→ **Supplied material**:
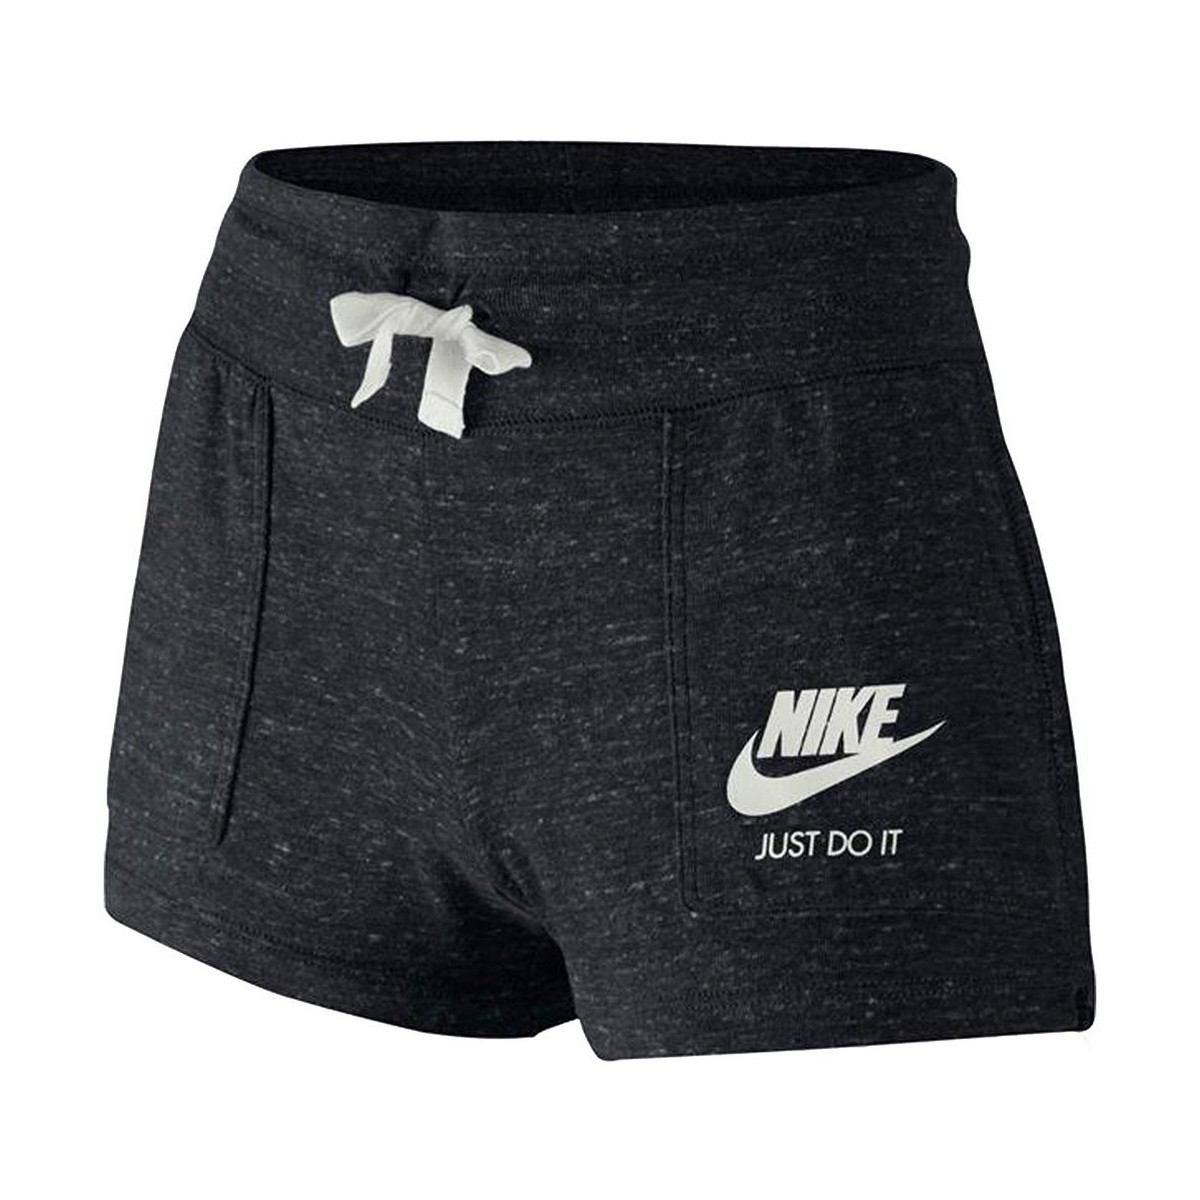 Îmbracaminte Băieți Pantaloni trei sferturi Nike Gym Vintage Negru
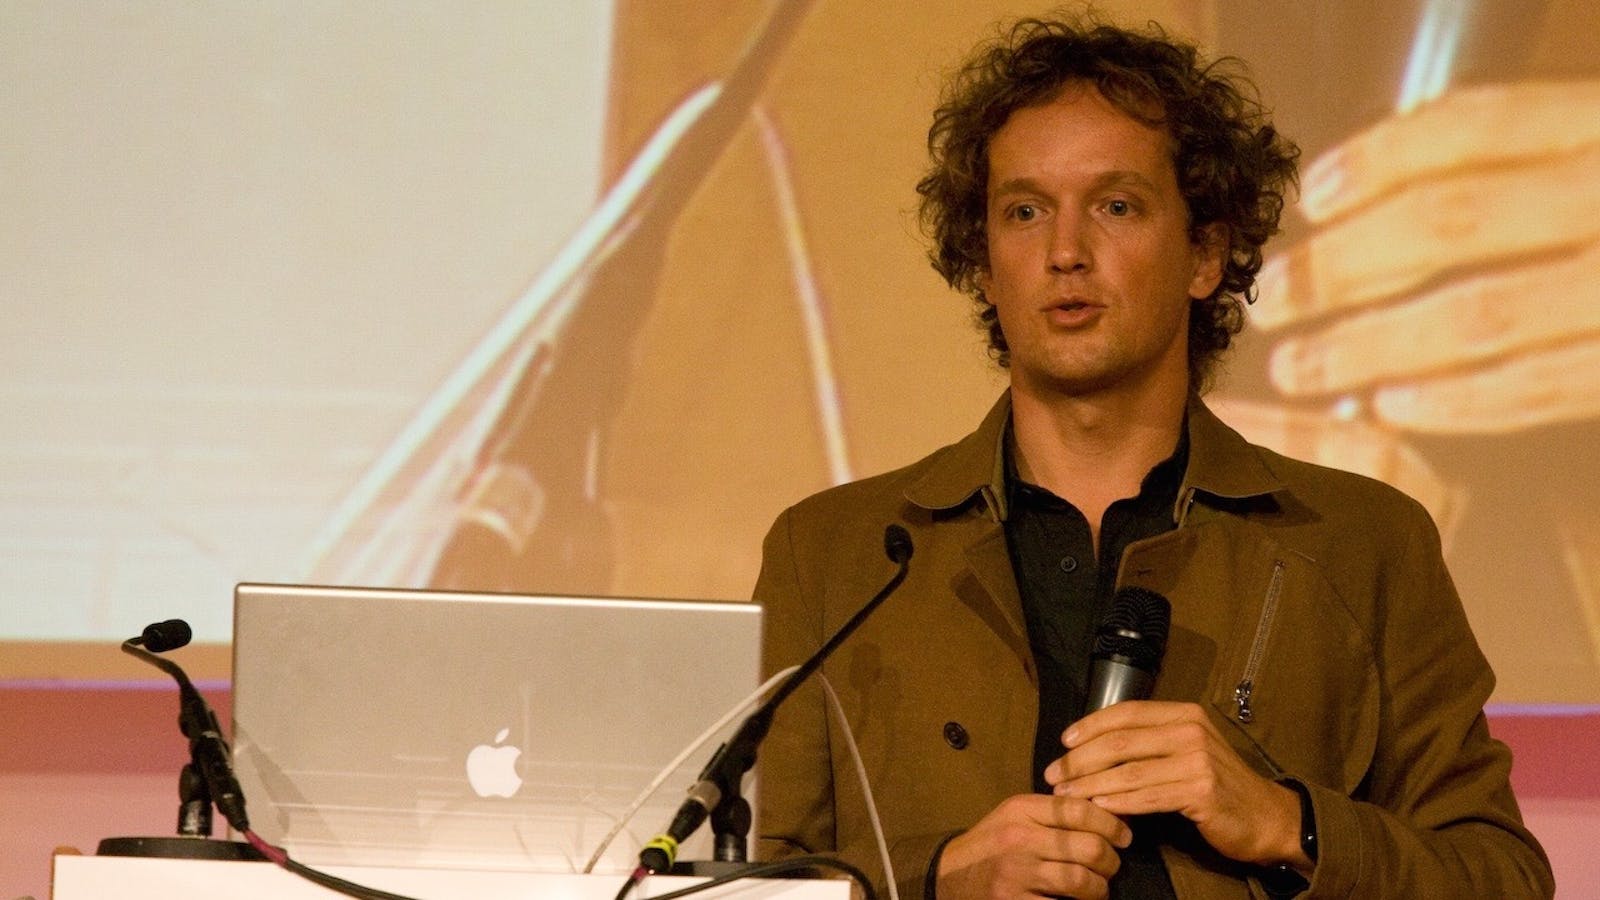 August Home co-founder Yves Behar. Photo by Flickr/Eirik Solheim.
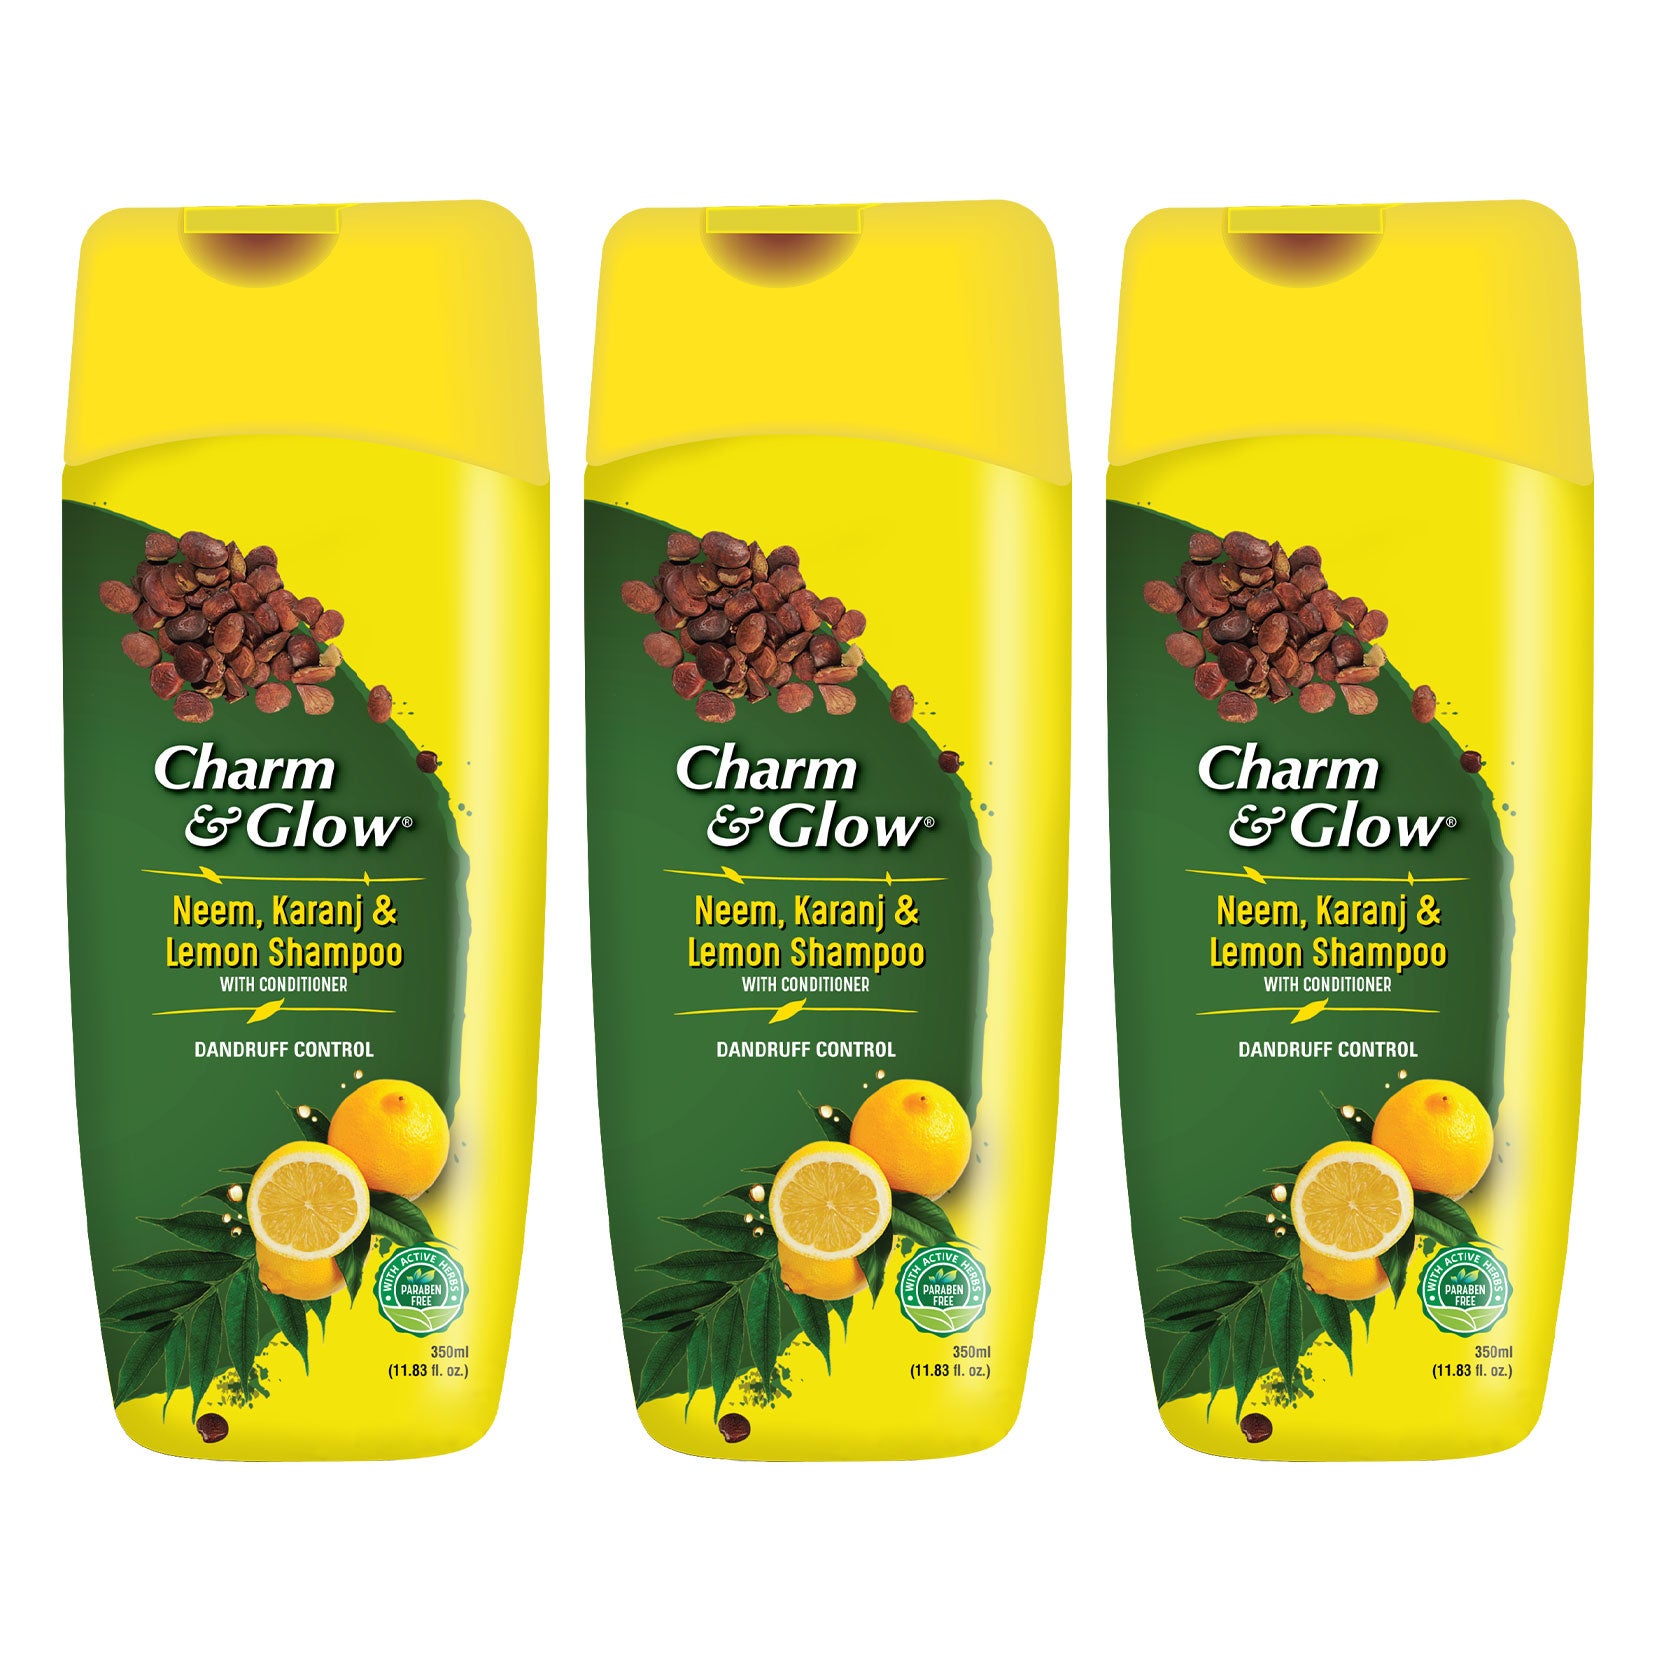 Charm & Glow Neem, Karanj & Lemon Shampoo with Conditioner for Dandruff Control Pack of 3 (350 ml x 3) - Global Plugin

→ **What you need to do**:
Hand back the data exactly as it appears, with all pictures cut.

→ **Task result**:
 Îmbracaminte Băieți Pantaloni trei sferturi Nike Gym Vintage Negru
 August Home co-founder Yves Behar. Photo by Flickr/Eirik Solheim.
 Charm & Glow Neem, Karanj & Lemon Shampoo with Conditioner for Dandruff Control Pack of 3 (350 ml x 3) - Global Plugin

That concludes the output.